MYTHOLOG
- Website type: Literary
- Available in: English
- Founded: 2002
- Dissolved: 2007
- Headquarters: {{{location_country}}}
- Editor: Asher Black
- Industry: Online magazine
- Website: greenmanreview.com agreenmanreview.com
- Launched: 2002
- Current status: Defunct

= MYTHOLOG =

American web magazine

MYTHOLOG Literature of Mythic Proportions was a quarterly digital publication published from 2002 to 2007. It featured a collection of stories, poems, essays, reviews, writers, editors, illustrations and artists, that found myth in places odd and ordinary. The publications Editor-in-Chief was Asher Black.

==Genre==
MYTHOLOG accepted work on any genre, as long as they had some connection with mythic (not necessarily mythological) concepts.

It published essays such as The Door to the Imaginal Realm by Mary Pat Mann. later referenced in the book Alien Encounters by Patricia D. Netzley.

It was listed as a flash fiction market in Flash Fiction Flash Newsletter.

Genres included horror, such as The Cabin at the Top of the World by Mark Allan Gunnells, mentioned in the book 11 Classic Short Stories to Read by the Winter Fireplace.

It published erotic fiction as cited in the book Eternally Noir, 2005 from Logical-Lust Publications.

It also included religious poetry as mentioned in Joyce Lexicography Volume Fifteen, 2012 from Bucharest: Contemporary Literature Press. which is an imprint of The University of Bucharest, and has been cited in other academic publications such as 100 Papers: An Anthology of Flash Fiction and Prose Poetry with a Theoretical Postscript, University of the Witwatersrand, Johannesburg.

==Writers' market listings==
MYTHOLOG was listed in several magazine market lists, including Ralan and Spicy Green Iguana, as well as Speculative Literature Foundation.
It was listed in the book Get Your Articles Published by Lesley Bown and Ann Gawthorpe, McGraw-Hill 2010.

Various private collections of ezines, digital publications, and other writer venues also listed MYTHOLOG as being open to submissions from interested writers.

MYTHOLOG was a launchpad for a number of aspiring authors such as Christie Maurer (1937-2016), and is mentioned in her obituary.

==Notable authors==

A number of authors had early publications in MYTHOLOG.

Bruce Holland Rogers, whose books include: Bedtime Stories to Darken Your Dreams, Word Work: Surviving and Thriving As a Writer, and Flaming Arrows.

Marsheila Rockwell was nominated for the 2006 Rhysling Award from The Science Fiction Poetry Association (SFPA) for the poem "Fairy Tale Ending" (MYTHOLOG, Vol.3 No.3). She is author of Legacy of Wolves, Wizards of the Coast, 2007.

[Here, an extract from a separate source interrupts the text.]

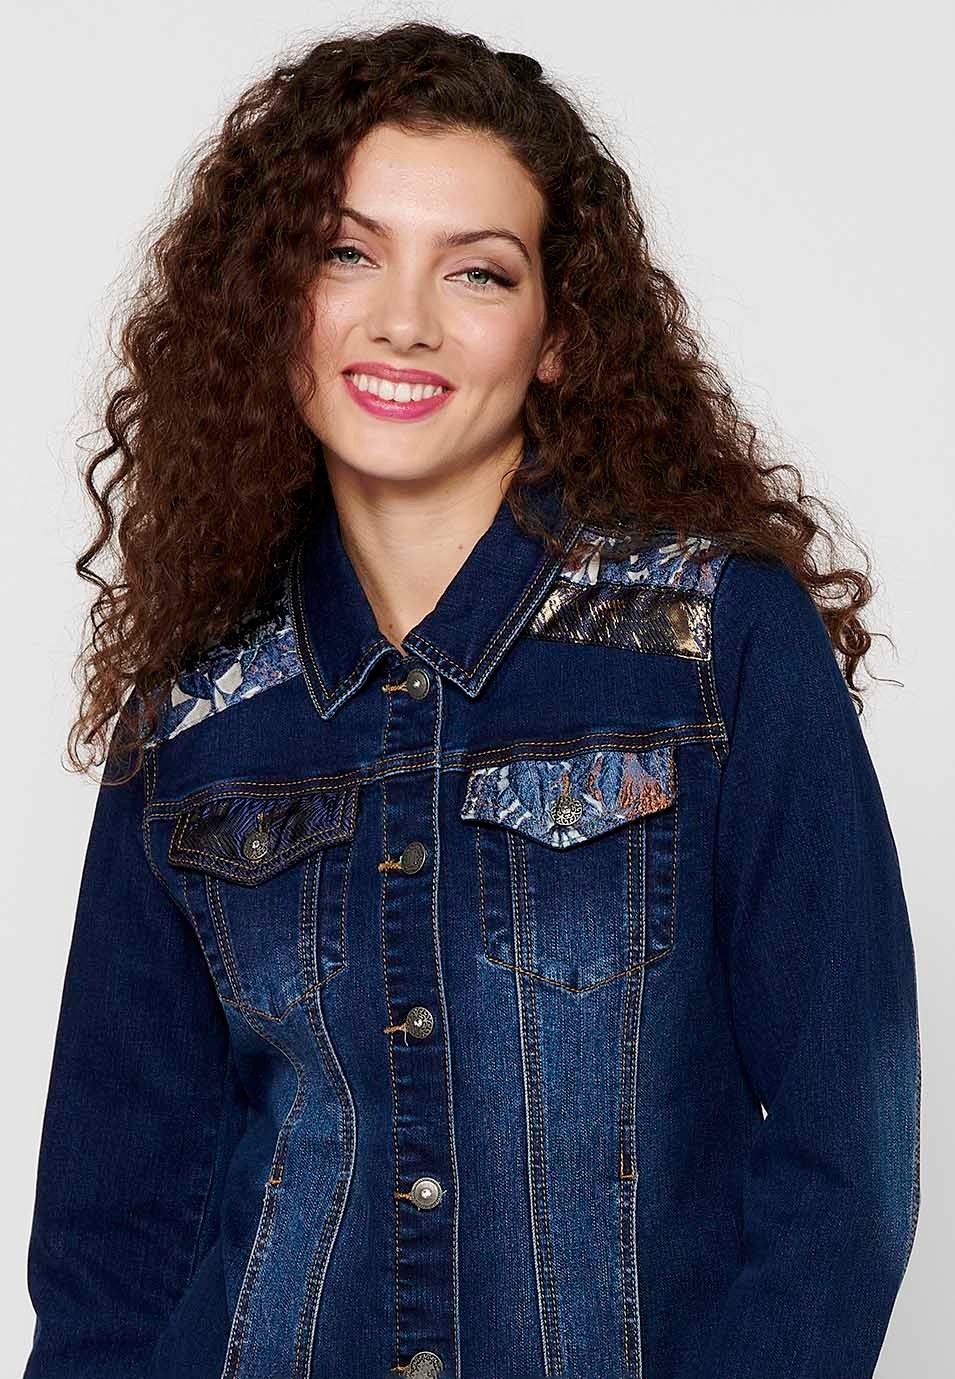 Dark Blue Long Sleeve Denim Jacket with Button Front Closure and Pockets with Embroidery on the Shoulders for Women 8

Danny Adams is winner of a place in The 2006 Rhysling Anthology for "Utnapishtim on Friday After Dessert". He is co-author, with Philip Jose Farmer, of the short science fiction novel The City Beyond Play, September 2007.

Jacqueline West is author of Cherma, poetry series, published by the University of Wisconsin - Madison's Parallel Press Chapbook Series in 2010.

Gerri Leen's work appears in anthologies like Sails & Sorcery: Nautical Tales of Fantasy and multiple Star Trek: Strange New Worlds editions.

Elizabeth Barrette is author of fourteen poems and one story in MYTHOLOG. She received a 2005 Rhysling nomination. She is Assistant Editor of SageWoman. Her work appears in the anthology The Impossible Will Take a Little While.

Lisa Agnew: Her first novel is Sword: Tales from the Green Sahara and Casual Soup.

Elizabeth Thomas Wenning is author of Confessions of a Mixed-up Weasel Hater.

Terry Dartnall, Brian Ames, and J.R. Cain are each authors of several anthologies of short work, including work originally appearing in MYTHOLOG.

Jerry J. Davis is responsible for the book Travels and has been included in the anthology Houston: We've got Bubbas!

Stewart Sternberg has work published in High Seas Cthulhu, an anthology of nautical Lovecraftian horror.

Robert Rhodes is a co-author of The Sword in the Mirror: A Century of Sword & Sorcery, in The Greenwood Encyclopedia of Contemporary Popular American Literature.